Bu entelektüellerin çoğu ırkçılığa ve beyaz üstünlüğüne karşı kamusal duruş sergilemiş, Nazizme ve apartheid Güney Afrika’ya karşı çıkmış, eski ve yeni sömürgeciliğe karşı çıkıyor gibi görünse de, çoğu Avrupa’da hala sadece holokosttan kurtulanlar olarak temsil edilen Avrupalı Yahudilerin statüsünde bir değişiklik görmeyi reddeden Sartrian bir mirasın parçasıdır. Avrupalı Yahudi’nin son yüzyılda Filistin halkına karşı ırkçı sömürgeci şiddet kullanan bir sömürgeci olarak statüsünü tanımayı reddediyor ve buna şiddetle direnmeye devam ediyorlar. Bu entelektüellerden bazıları İsrail’in Batı Şeria ve Gazze’deki Yahudi şiddetini ve işgalini açıkça kabul etmiş olsalar da, silahlı sömürgeci yerleşimciler tarafından değil, soykırımdan kurtulanlar tarafından kurulan bozulmamış bir Yahudi Devleti imajına tutunmaya devam etmektedirler.

Merhum Pierre Bourdieu, 2000 yılında Revue d’études palestiniennes dergisine verdiği bir mülakatta şöyle demiştir: “Kamusal pozisyon almaktan hep çekindim… çünkü çağımızın şüphesiz en zor ve en trajik sorusuna (ırkçı şiddetin kurbanları ile bu kurbanların kurbanları arasında nasıl bir seçim yapmalı?) gerçek bir açıklık getirecek kadar yetkin hissetmedim.

Eğer Bourdieu bununla holokostu kastediyorsa, o zaman Siyonist propagandanın kurbanı olmuştur. Siyonizm her ne kadar holokostu diriltmeye ve Filistinlilere yönelik ırkçı şiddetinin bahanesi olarak kullanmaya devam etse de, holokost İsrail’in ırkçı doğasını meşrulaştırmaz. Bourdieu bunu kabul etseydi, İsrail ile kurbanları arasında seçim yapma ikilemi kolayca çözülebilirdi.

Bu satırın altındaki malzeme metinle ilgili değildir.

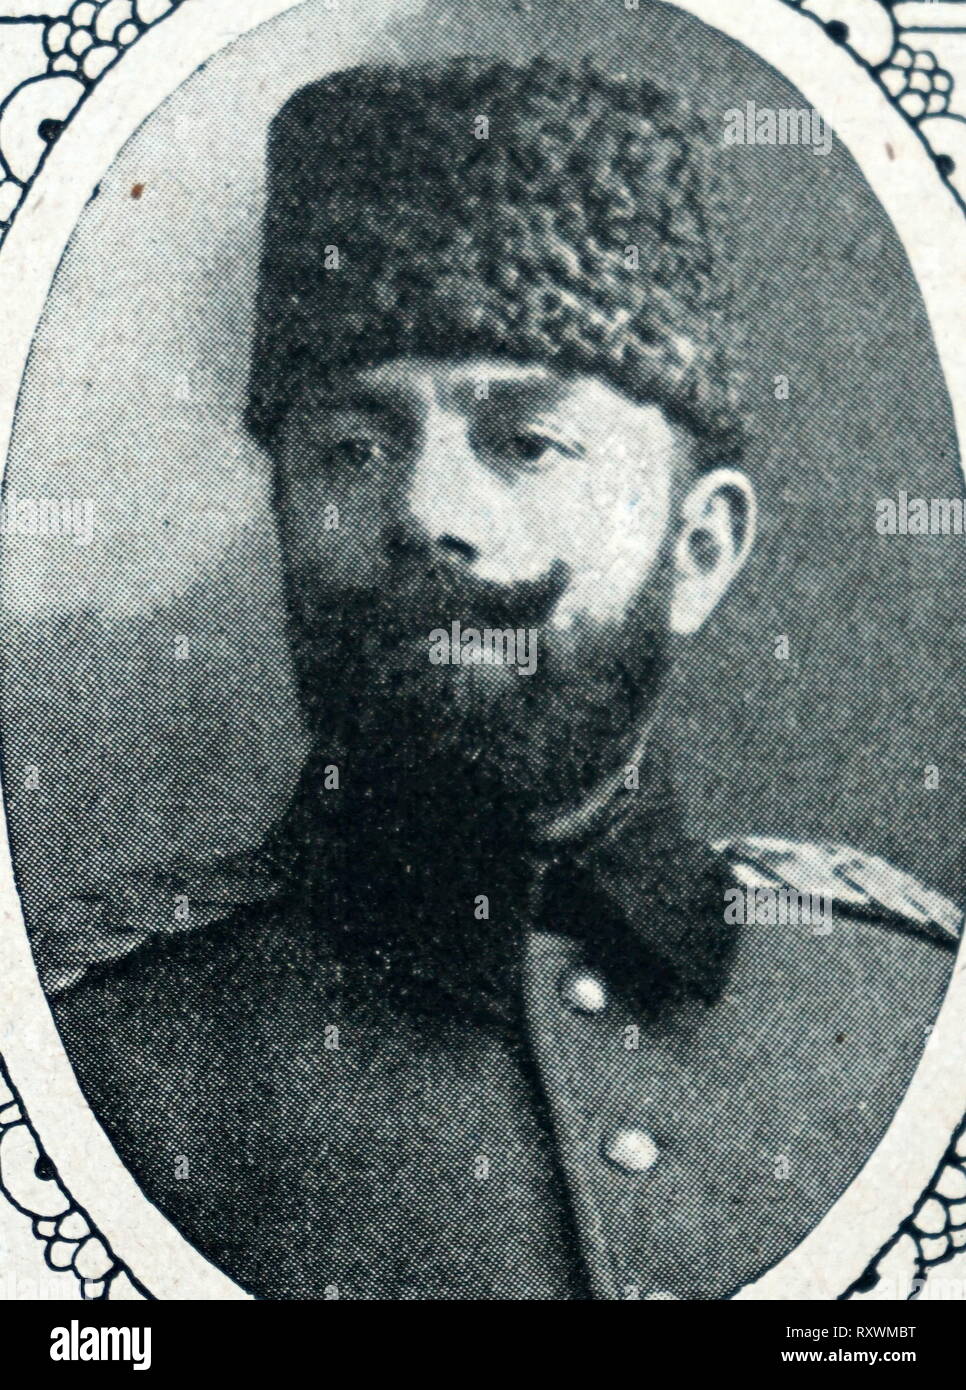 Ahmed Djemal Pascià (1872 - 1922), comunemente noto come Jamal Pasha il sanguinario; Ottomano leader militare e un terzo del triumvirato militare conosciuta come le tre impero ottomano (chiamato anche "Tre dittatori") che ha governato l'Impero Ottomano durante la guerra mondiale I. Foto Stock

Bir başka örnek olarak Jacques Derrida’yı ele alalım. 1986’da işgal altındaki Kudüs’te verdiği bir konferansta tutumunu şu şekilde ifade etmiştir: “Bu topraklarda şiddete son verilmesini savunan, terörizm suçlarını, askeri ve polis baskısını kınayan, İsrail askerlerinin işgal altındaki topraklardan çekilmesini ve Filistinlilerin müzakerelerde kendi temsilcilerini seçme hakkının tanınmasını savunan herkesle dayanışma içinde olduğumu hemen belirtmek isterim.” Ancak Derrida, konuşmasında İsrail Devleti’nin “varlığının bundan böyle herkes tarafından tanınması gerektiğini” belirtme gereği duymuştur.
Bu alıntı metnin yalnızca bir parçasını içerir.